Our survey used headline mentions as proxies for story topic, so our analysis is likely a significant undercount, because we did not measure the total length of the coverage of the two topics. Since CNN and the major network news shows like ABC’s Good Morning America and NBC’s Today Show covered the queen’s death and its surrounding public events for several hours at a time, it’s likely that the totality of coverage is far greater than our analysis shows.
A Column analysis from June looked at two weeks of coverage from April 15 to 29, when the 2022 heat wave in India and Pakistan was at its most acute and newsworthy. It found that the story was ignored entirely by CNN’s primetime news programs: The Lead with Jake Tapper, The Situation Room with Wolf Blitzer, Anderson Cooper 360°, NBC News (Today, Nightly News with Lester Holt, and Meet the Press), CBS News (Evening News, Sunday Morning News, and CBS Mornings), and ABC News (Good Morning America, World News Tonight, and This Week With George Stephanopoulos).

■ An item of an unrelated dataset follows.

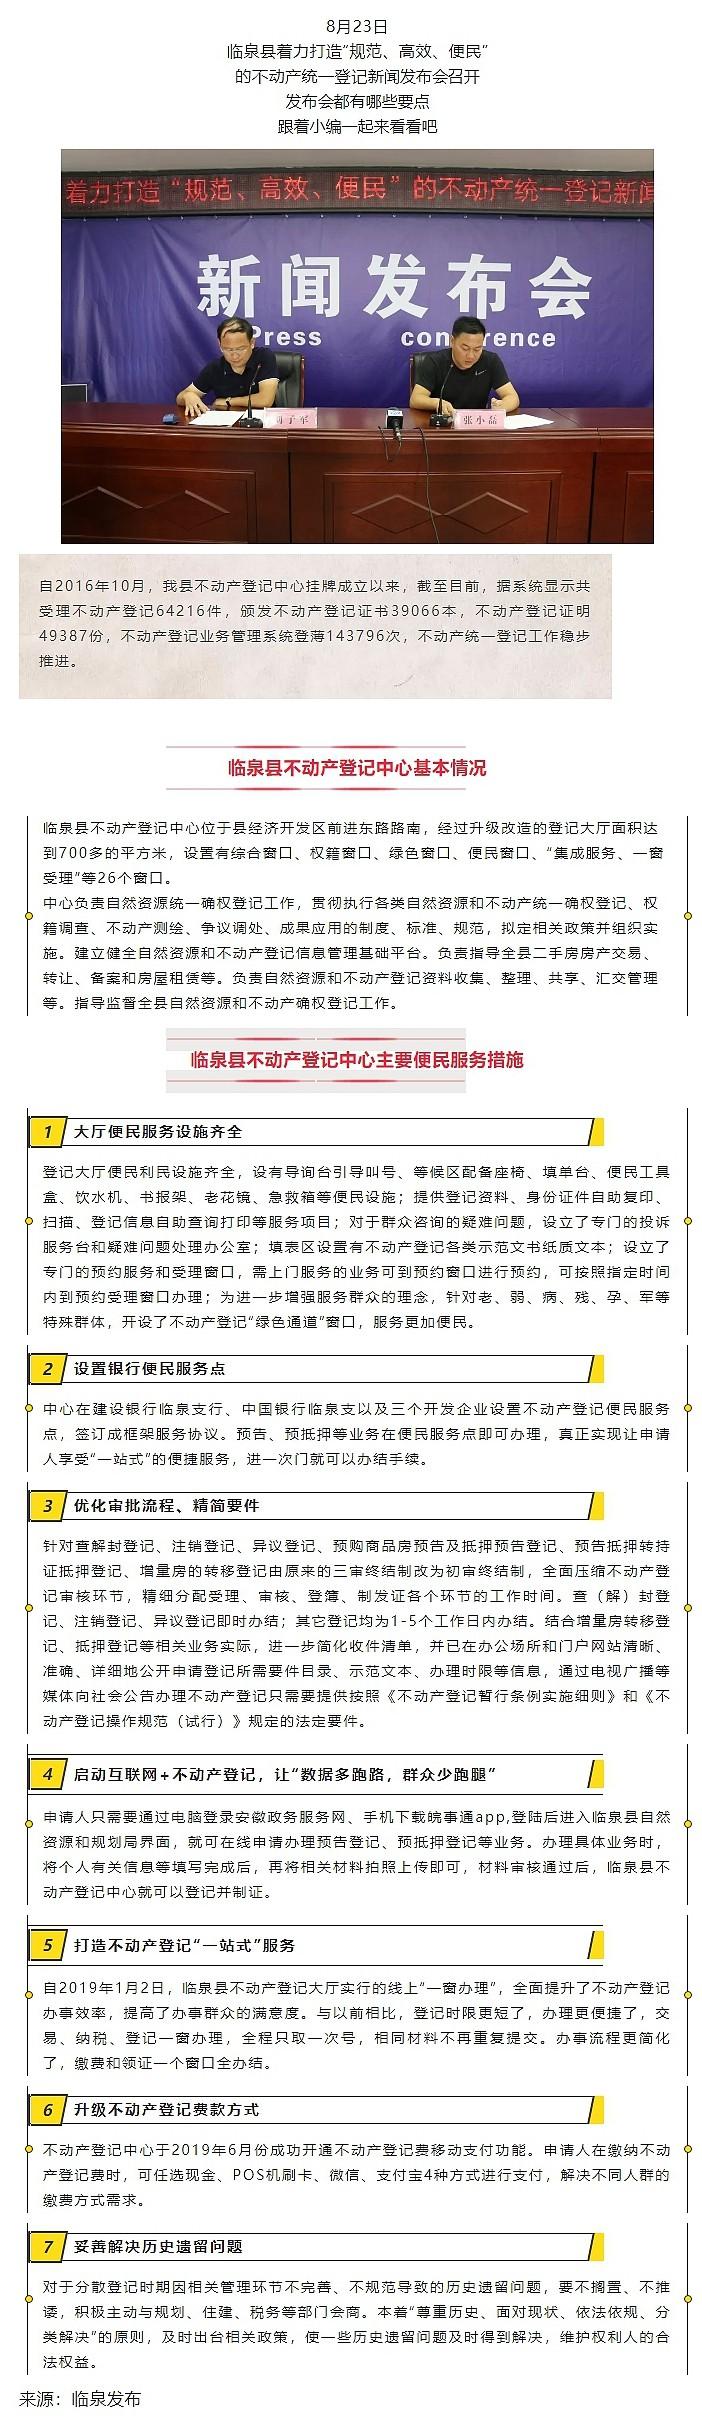 臨泉不動產登記中心都提供哪些服務?這場新聞發布會說的很明白!.jpg

These same shows, however, did find time a few weeks later to run 33 stories on Queen Elizabeth II’s Jubilee celebrating her being the figurehead of Britain for 70 years.
Obviously, there is organic demand for royalty spectacle from the American public when it comes to editorial decisions, and a need for ratings has bearing on what media outlets choose to care about or not care about. But simply blaming consumer demand is the ultimate cop out. Interest in these spectacles is reinforced and shaped by editorial priorities for the past 70 years that have obsessed over every detail of the British monarchy, a focus that then reinforces public interest, until we end with a feedback loop of goopy embarrassment.
NBC News flew its Nightly News crew out to London to report live there for several days, including a humiliating segment where Lester Holt interviews random Britons waiting in The Queue.
Here, we have a story about a former U.S. President’s daughter discussing a meta narrative on air for four minutes about her almost having—but, ultimately, not getting—an interview with the new “Queen consort” Camilla.
CBS Sunday Morning did a 4 minute and 27 second story on her dogs. CBS Evening News regaled us with multiple stories about Queen Elizabeth II’s leisurely pastimes. (Note this is CBS’s ostensibly hard news program, not the more breezy morning show genre.) We got a 30 second segment on Elizabeth II’s horse winning a random horse race, a 1 minute and 27 second story about her as a “fashion icon,” and a 1 minute and 42 second story about Elizabeth’s American horse trainer:
CNN did four different segments on Elizabeth’s corgis alone.
And took time out to profile her personal chef and her personal “piper.”
ABC Nightly News was equally gushing, and like NBC Nightly News, flew its evening news anchor out to London for the funeral. We got a 1 minute and 16 second story on her dogs, and a cringe-inducing, groveling 1 minute and 40 second segment about her “quick wit and sense of humor.” And a teary-eyed farewell to “her majesty.”
Meanwhile, on September 9, a study published in the journal Science, found that “even the Paris Agreement goal of limiting warming to well below 2°C and preferably 1.5°C is not safe as 1.5°C and above risks crossing multiple tipping points.”
The researchers warn, “This finding provides a compelling reason to limit additional warming as much as possible”.